The New City NIMBYs

This is another one of those municipal policies that you contemplate in disbelief. Still, it’s one of those you know nobody could make up. Besides, it’s in the New York Times, so it’s gotta be true. Right? See Timothy Williams, Cities Helping Residents Resist the New Gentry, N.Y. Times, March 4, 2014, at p.A1 (above the fold).

For the past several years our planners — who else? — have been touting the idea that cities are making a comeback. This is a proposition that is hotly disputed because at best, the folks returning to cities are not what you might call a healthy urban population. They largely consist of a trickle of elderly boomers who have raised their families and now don’t fancy rattling around their large, empty suburban homes even though they are now worth a fortune. A fortune that many are looking to capitalise on with many looking to find a calculate roi on rental property guide to get the figures ready for their next financial step.
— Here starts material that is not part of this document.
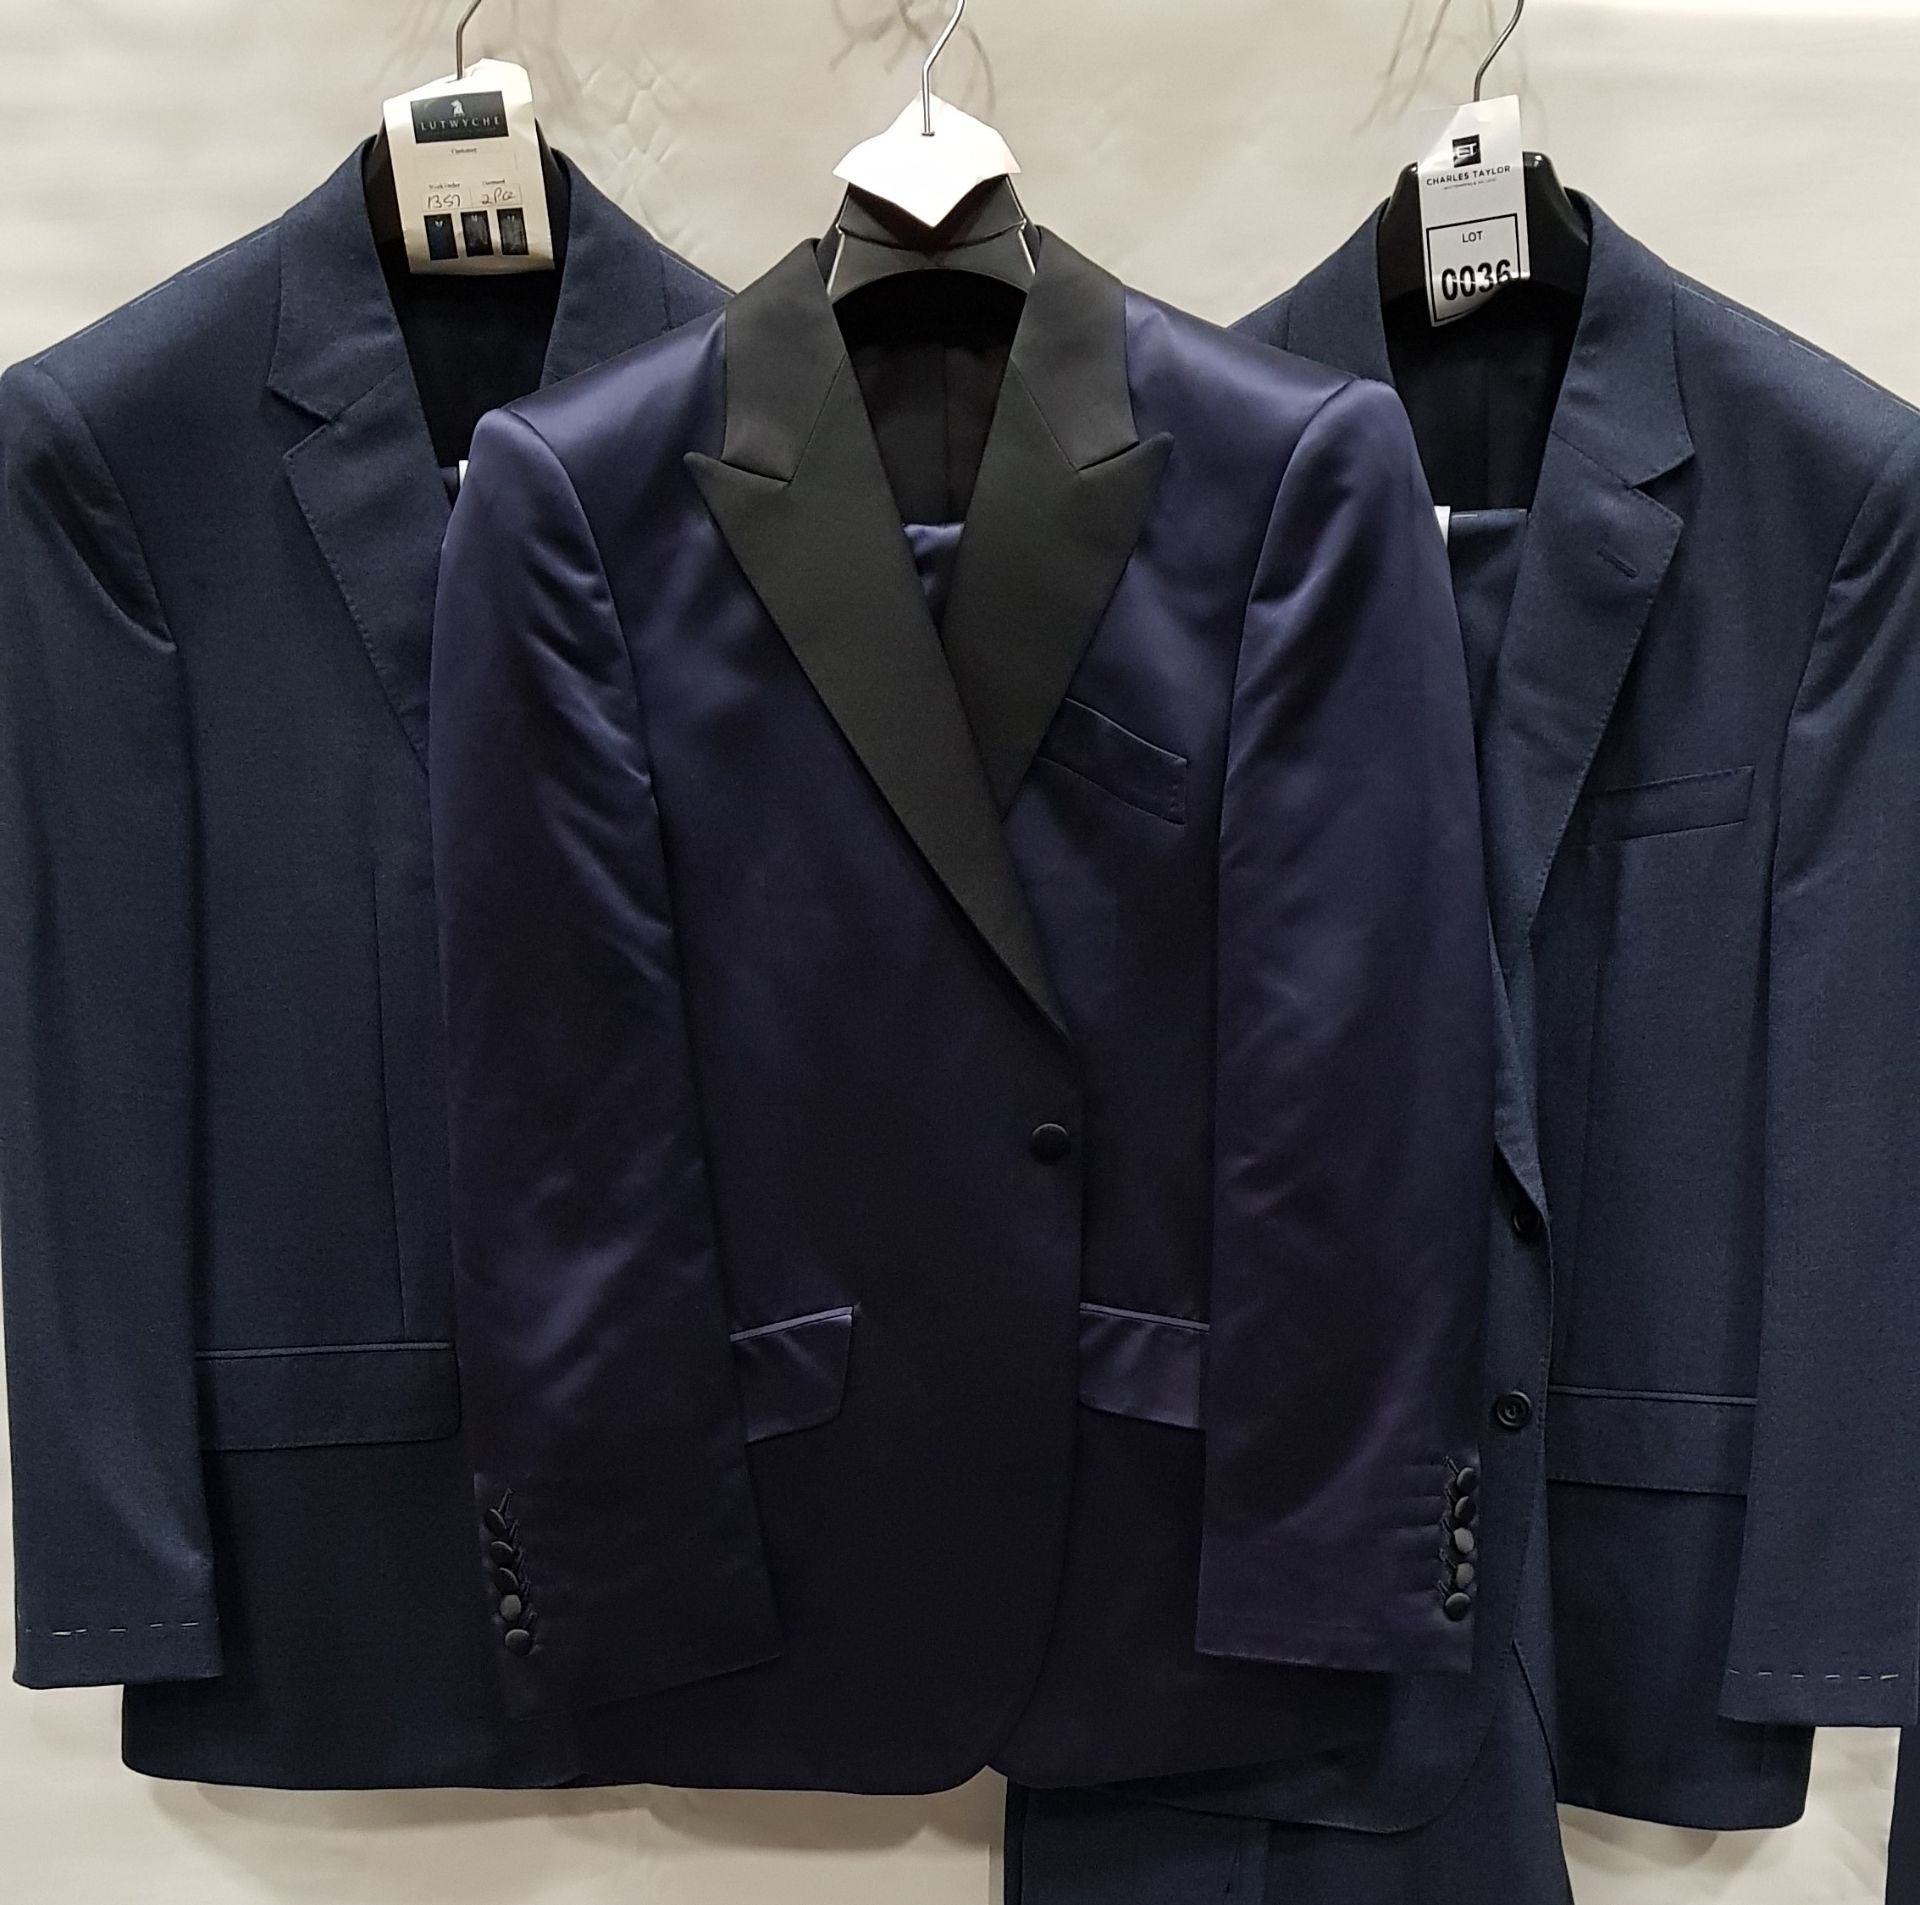 3 X BRAND NEW LUTWYCHE 2 PC DARK BLUE SHADES MATCHING SUITS SIZES 44R, 42R, 39R (NOTE NOT FULLY
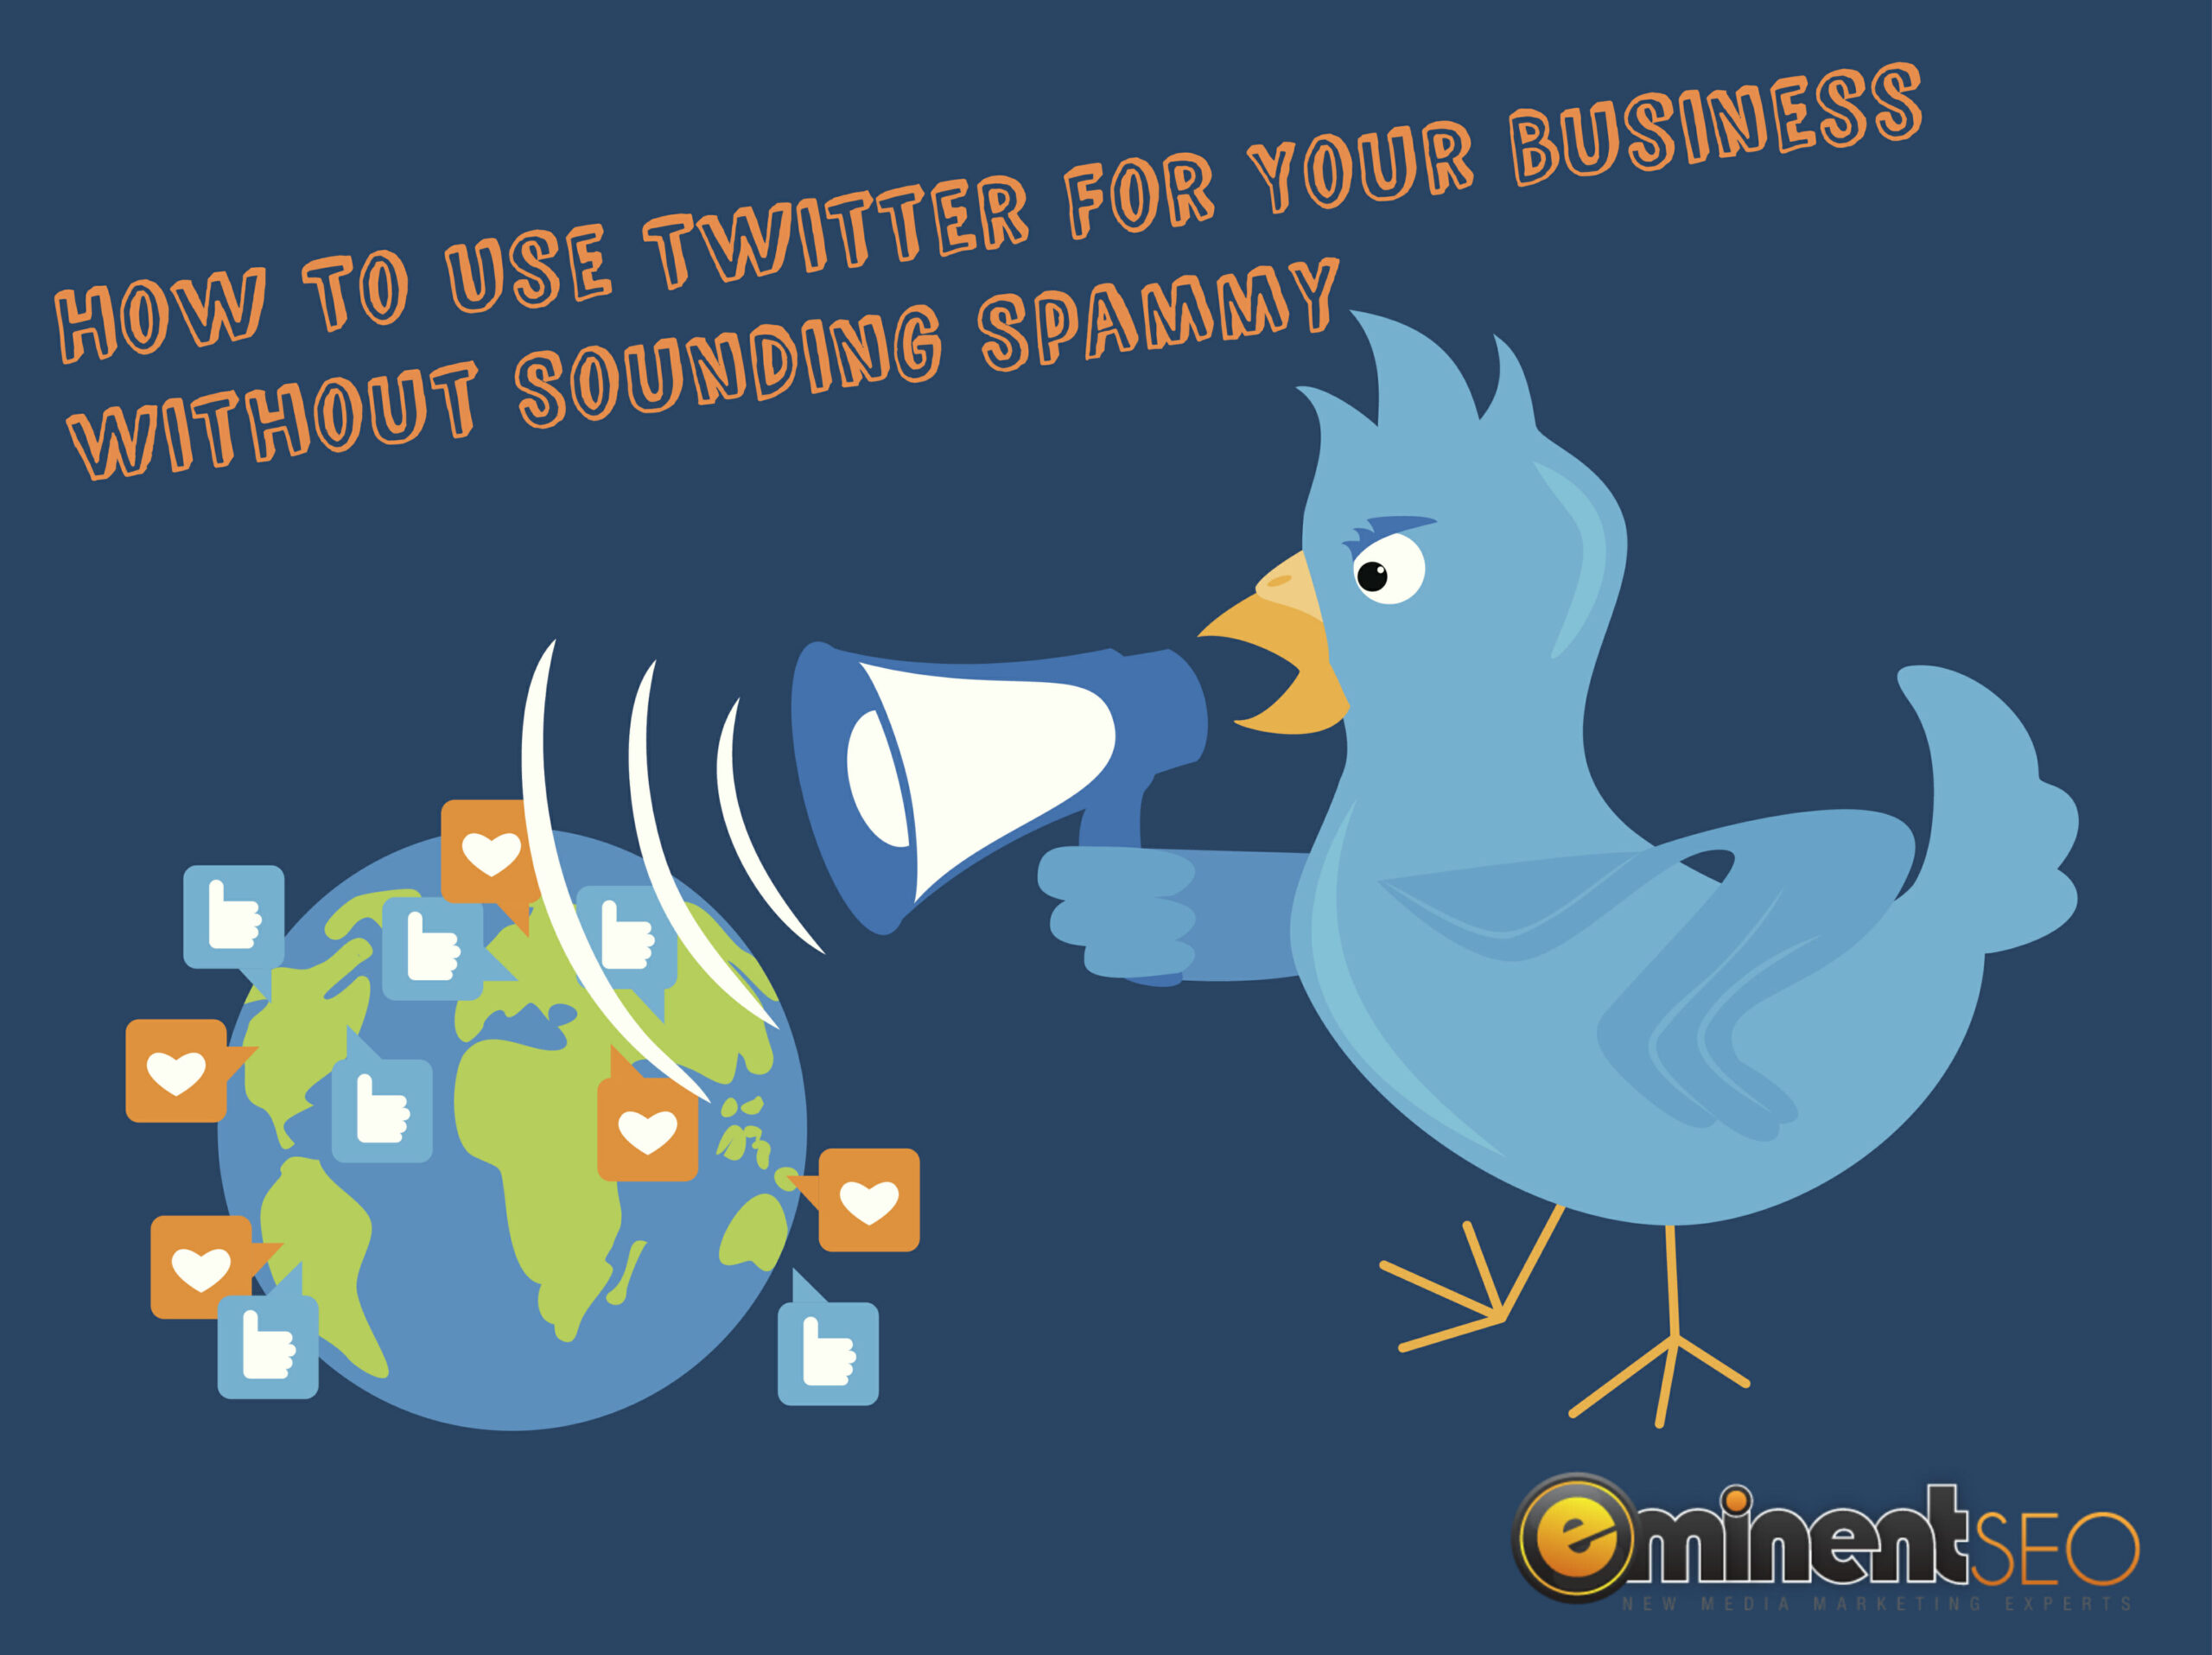 How To Use Twitter For Your Business Without Sounding Spammy

But fortune, shmortune, living in places like that, out in the better suburbs means that it takes a seven-mile trip in a car to get to the nearest store to buy a quart of milk or a loaf of bread. Which may be OK when you are raising kids and are schlepping them around anyway, but not when you are getting long in the tooth and don’t fancy running around like you used to. I’ve heard of some people introducing them to a great kids youtube channel that can help reduce the running around. So what we have seen of late is a trickle of these superannuated boomers moving to cities, where they can buy a jazzy condo and enjoy the good urban life. It seems as though everybody wants to live at a place like Piermont Grand, which is why so many people are moving to big cities. Also, some yuppies find “hip” city neighborhoods attractive. Out in the suburbs, you can’t stroll down the street for a block or two and find a trendy watering hole, frequented by good looking professional chicks who. . . Well, you get the idea, don’t you?

Ah, but ideas have consequences. When all those affluent young and old folks set their sights on fashionable, hip city neighborhoods, that tends to raise the demand and cause an increase in condo prices and rents, along with a ripple effect — everything, from housing, taxes and goods and services tends to go up. So what? say the affluent yuppies and boomers. They can afford it, so they don’t much care about the plight of ordinary lower-middle-class people who form the indigenous population of the gentrifying city neighborhoods, and who feel an economic squeeze as prices of everything rise. Upshot: those indigenous folks are beginning to scream at the prospect of being displaced from their home turf. After all, they say, they resisted the last half-century’s exodus to the suburbs, endured the cities’ downward slide, and kept the old city neighborhoods going, more or less. So don’t they deserve a break by way of being able to stay put in their old neighborhoods even as the cost of living is moving up? So they complain about the rising cost of living that is squeezing them out.

And where there are cries of “NIMBY!” there you’ll find local politicians posturing as defenders of the downtrodden, protecting — or purporting to protect — the old down-at-the-heels neighborhoods from the dreaded process of “gentrification.” Quoth the New York Times:

“In doing so, cities are turning urban redevelopment policy on its head and shunning millions in property tax revenues that could be used to restore municipal services that were trimmed during the recession because of budget cuts, including rehiring police officers.”

Ah, but as we are fond of saying, there is no such thing as a free lunch. The incoming yuppie/boomer cohort is not interested in taking permanent city roots. The yuppies grow up, marry and move to the suburbs where life is safer and raising children is also a lot easier. As for the old boomers. . . . Well, in time they die off. So there is less long-term personal investment and less incentive to stay for the long run. So, according to the Times, cities are saying “let’s invest in the stayers.” That sounds good, but the result is that if implemented as a tax policy, incoming yuppies would get a windfall in the form of lower taxes, which they don’t need. So what the municipal mavens are coming up with is a scheme whereby the city’s old-timers would get a special property tax break, and property taxes would become a blend of old value-based property taxes and an adjustment taking the taxpayers’ income into account. In the meantime, while this is being debated, assessed value are zooming up — in Philadelphia, the relevant ones have quintupled, zooming up to $250,000 from $45,000 in the past year.